Indeed, without the presence of scientific racism to code dark skin as a caste marker, we would have no conception of the "white race." There would be Irish, and Italians, and Slavs, and all the other maligned peoples of Europe, and then Anglo-Saxons. This division was the way it was in the early 20th century. The caste system had yet to embrace Western Europeanness as the marker of the ruling class. It only went so far as English Protestant Europeanness.

But now, we have a starkly divided caste system. So-called racial markers join a host of others that determine where in the structure of power people are meant to fall. These markers include gender (women have less structural power than men, those with fluid or non-normative gender-identities have even less power than women), sexual identity (only a rigorous and narrow interpretation of heterosexuality is permissible, all other types subordinate), ethnic identity (certain ethnic markers, regardless of race, cause subordination: South American heritage, middle eastern heritage, under our new president-elect the old bugbear of Jewish heritage perhaps), religious identity (Islam is a subordinating marker), and so on, and so on.

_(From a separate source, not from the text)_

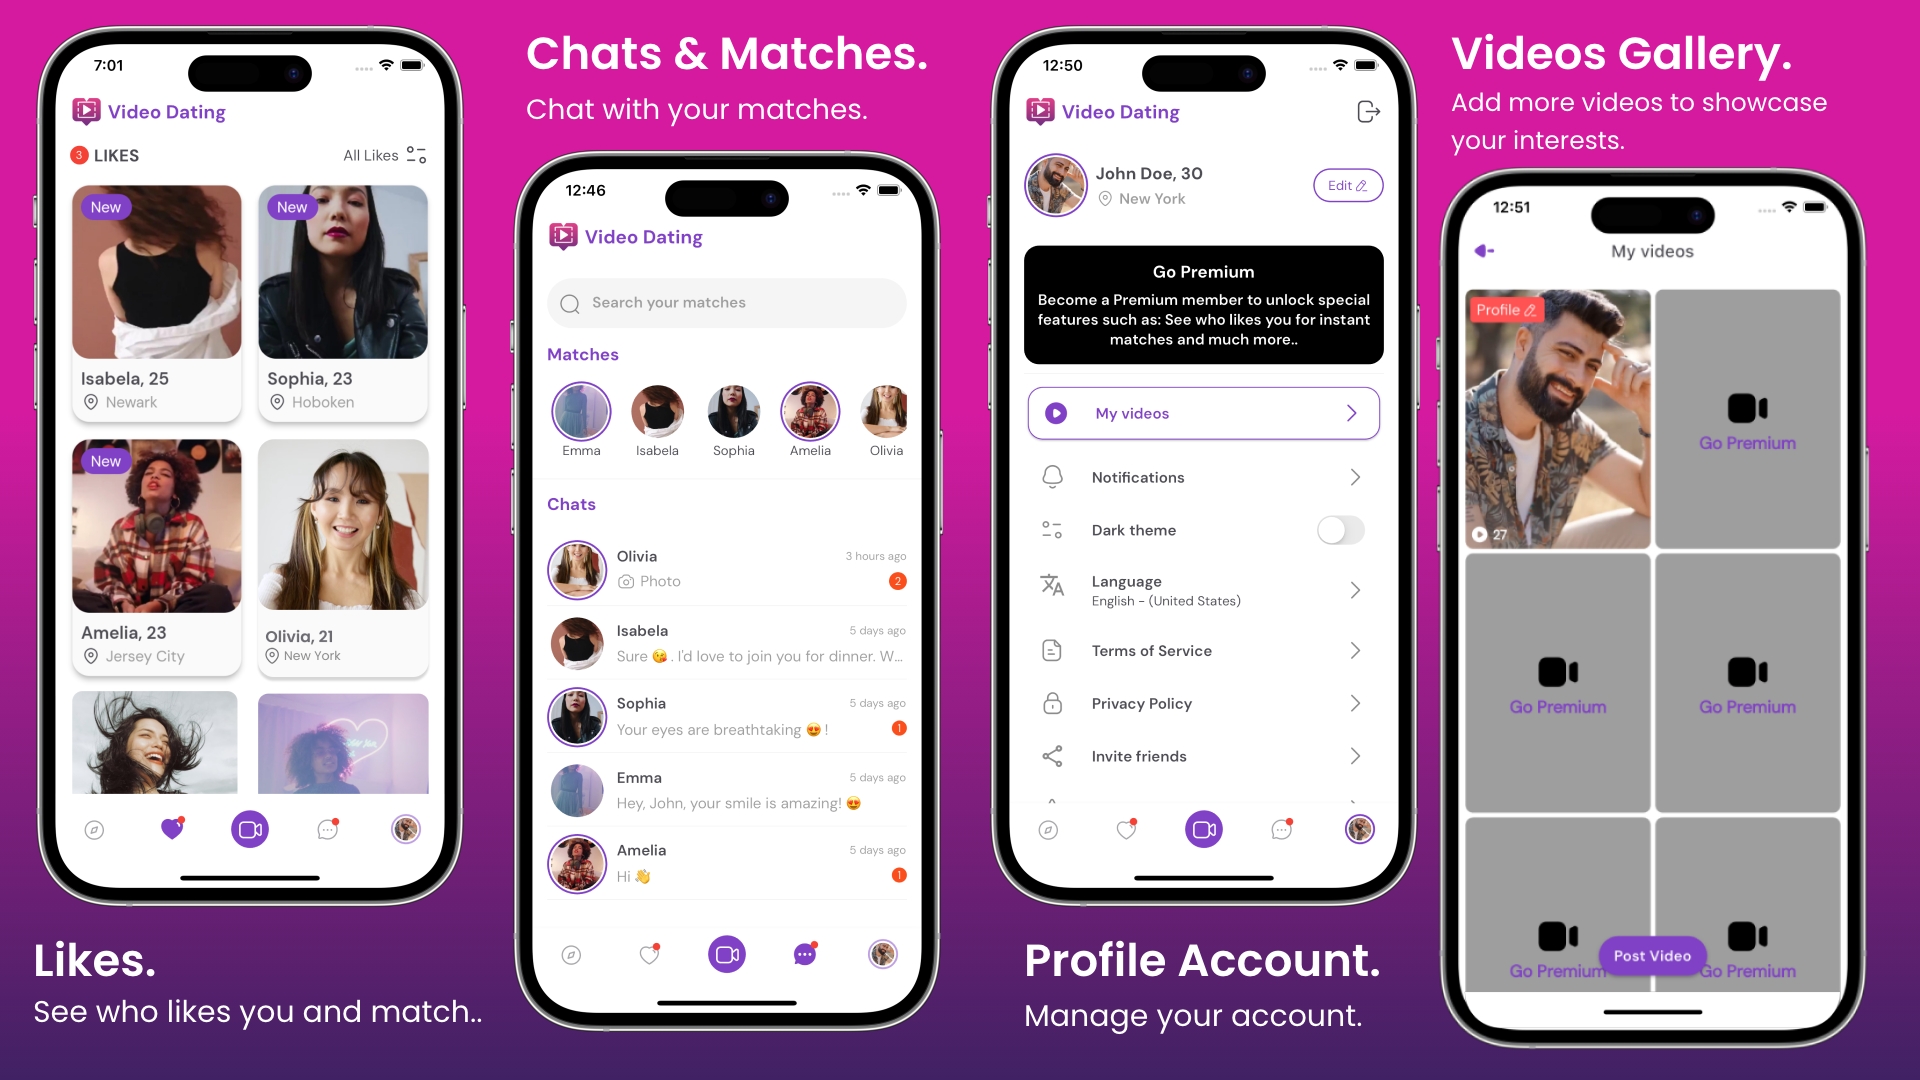 Likes, Chats & Matches, Profile Account and Videos Gallery screens

These are expressions of power. The architects of these systems did not design them because they are white men. They designed them because they were powerful, and they wanted ways to secure their power. In all places, in all times, there is a center. In all places, in all times, this requires them to define a periphery. In this place, we must be alert to the fact that the center is the white male, that all power flows from the definitions that white male politicians and intellectuals have created; be wary, then, of being asked to despise others, of being asked to take certain markers and apply them to sort out the American castes. For we undoubtedly have a caste system more complex than most in history, one that is insidious, vile, and disgusting, that hides behind terms like race and gender.

In this time, in this place, as in many times and places in the past, white men hold most of that power. Whiteness has no meaning in and of itself, but because it is used as a marker for the dominant caste, we must always be wary of whiteness expressing its self-interest. Its interest is in subordination and disenfranchisement.

Do not forget that it can be resisted.

Do not forget that this is the work of individuals. Individual people must perpetuate this system. Individual people are to blame.

They should be held accountable for their actions.